Please download, install, and update Ewido anti-spyware (http://www.ewido.net/en/download/)


Load Ewido and then click the Update tab at the top. Under Manual Update click Start update.

After the update finishes (the status bar at the bottom will display "Update successful")

Close ewido. Do not run it yet.


Please reboot your computer into Safe Mode. To boot into Safe Mode, please restart your computer. Tap F8 before Windows loads. Select Safe Mode on the screen that appears.


In Safe Mode, load Ewido and click on the Scanner tab at the top. Click the "Settings" tab and then change the recommended action to Quarantine and click Automatically generate report after every scan. Click back to the "Scan" tab and then click on Complete System Scan. This scan can take quite a while to run, so be prepared.

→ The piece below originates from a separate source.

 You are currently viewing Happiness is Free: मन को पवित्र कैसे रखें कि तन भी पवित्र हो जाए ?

Ewido will list any infections found on the left hand side. When the scan has finished, it will automatically set the recommended action. Click the Apply all actions button. Ewido will display "All actions have been applied" on the right hand side.

Click on "Save Report", then "Save Report As". This will create a text file. Make sure you know where to find this file again (like on the Desktop).

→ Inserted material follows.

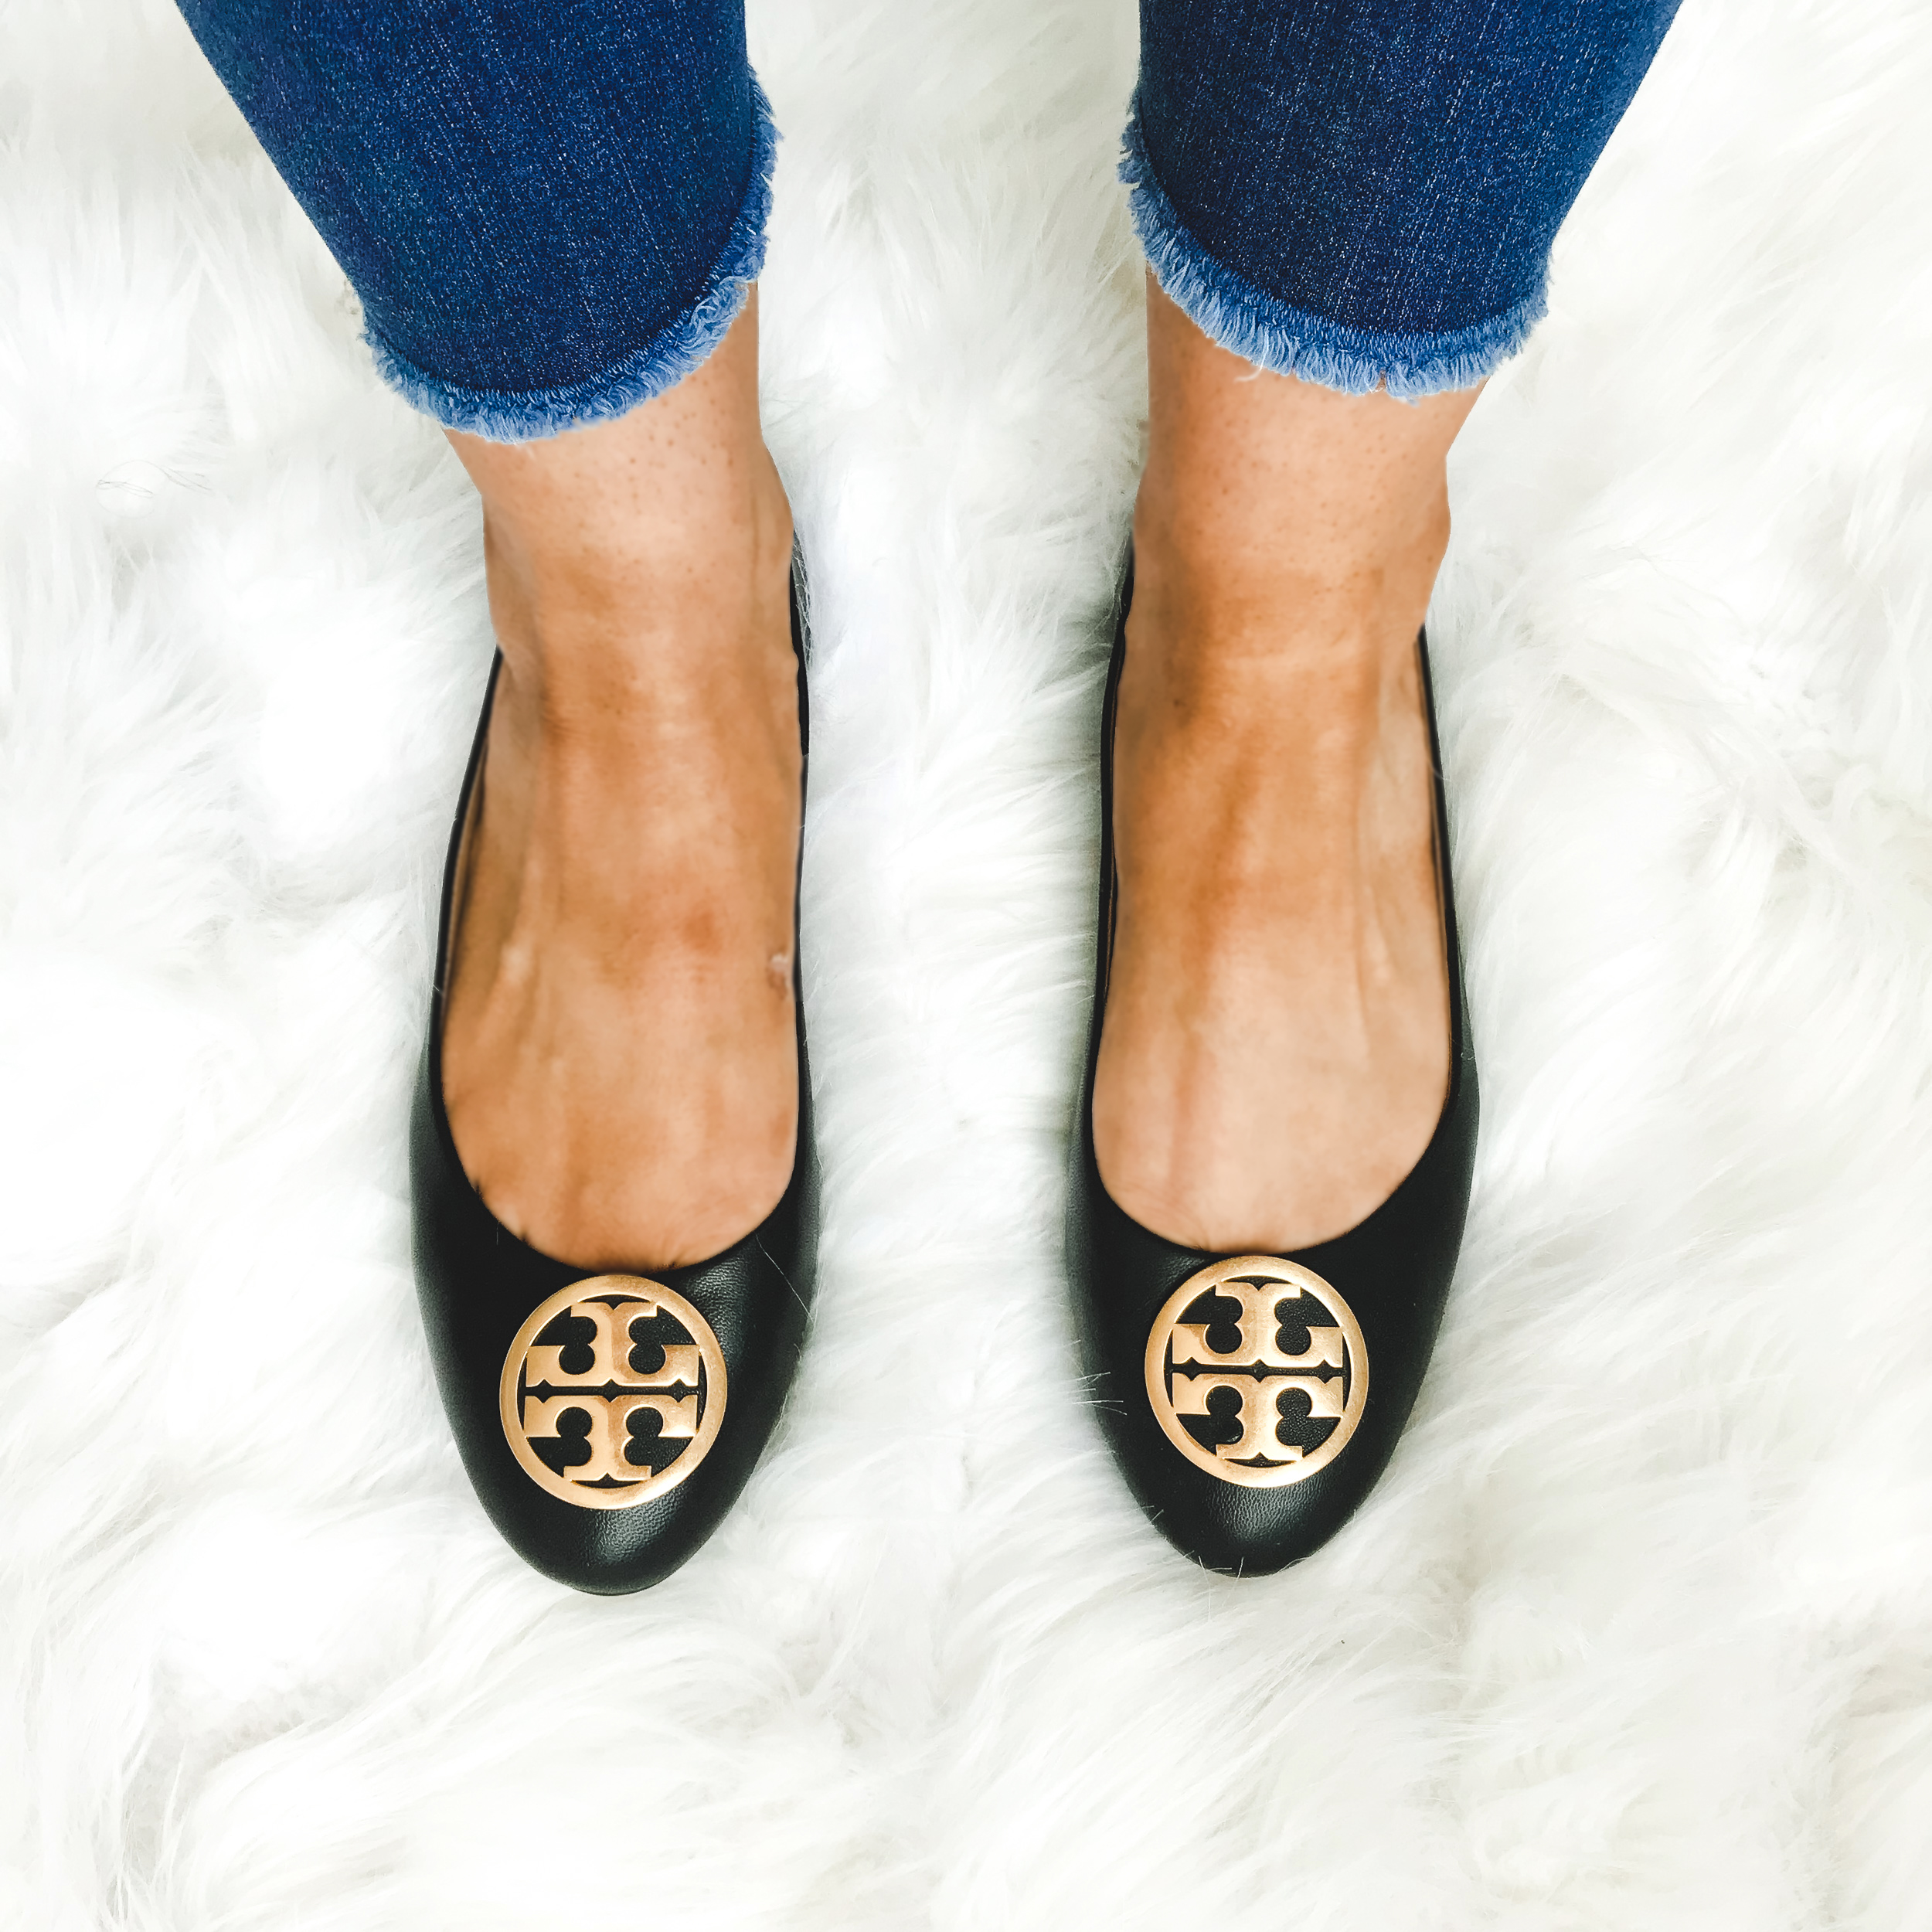 nordstrom-anniversary-sale-review-tory-burch-flats

Restart back into Normal Mode.


Please perform another scan with Hijack This, and then post back with a copy of the Ewido log and the new HijackThis log.

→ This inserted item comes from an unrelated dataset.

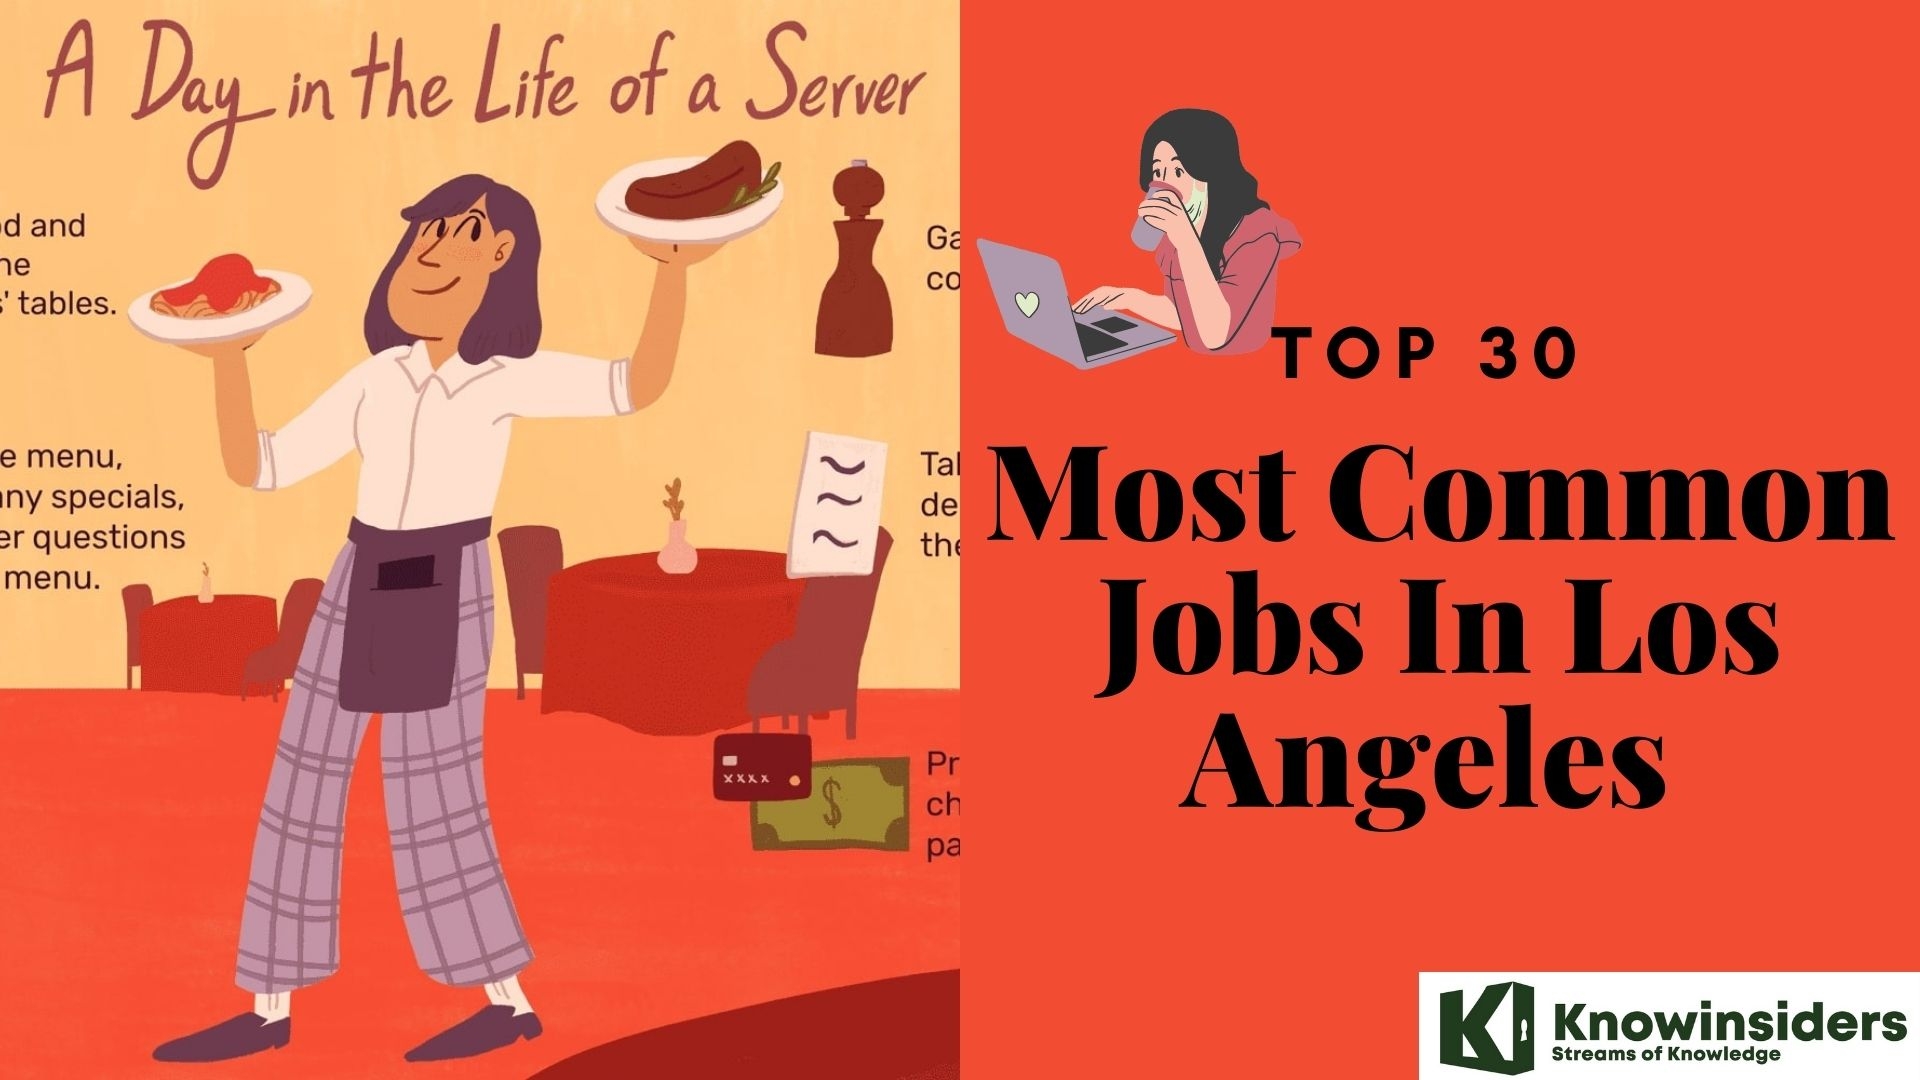 Top 30 Most Common Jobs and Average Salary In Los Angeles 2023/2024

* Click here (http://support.f-secure.com/enu/home/ols3.shtml) to use the F-Secure Online Scanner
It's explained there with images how to allow the ActiveX to start the scan, so read that first.
Then click the F-Secure Online Scanner Next Generation Beta link.
Once the ActiveX is installed, you should accept the License terms by clicking OK below to start the scan.
Click the Full System Scan button.
It will start to download scanner components and databases. This can take a while.
The main scan will start.
Once the scan finished scanning, click the Automatic cleaning (recommended) button
It could be possible that your firewall gives an alert - allow it, because that's a connection you establish to submit infected files to F-Secure.
The cleaning can take a while, so please be patient.
Then click the Show report button and copy and paste what's present under results in your next reply.


Also, please perform another scan with Hijack This as Classicsoftware asked, and then post back with a copy of the Ewido log, the DrWeb log and the new HijackThis log.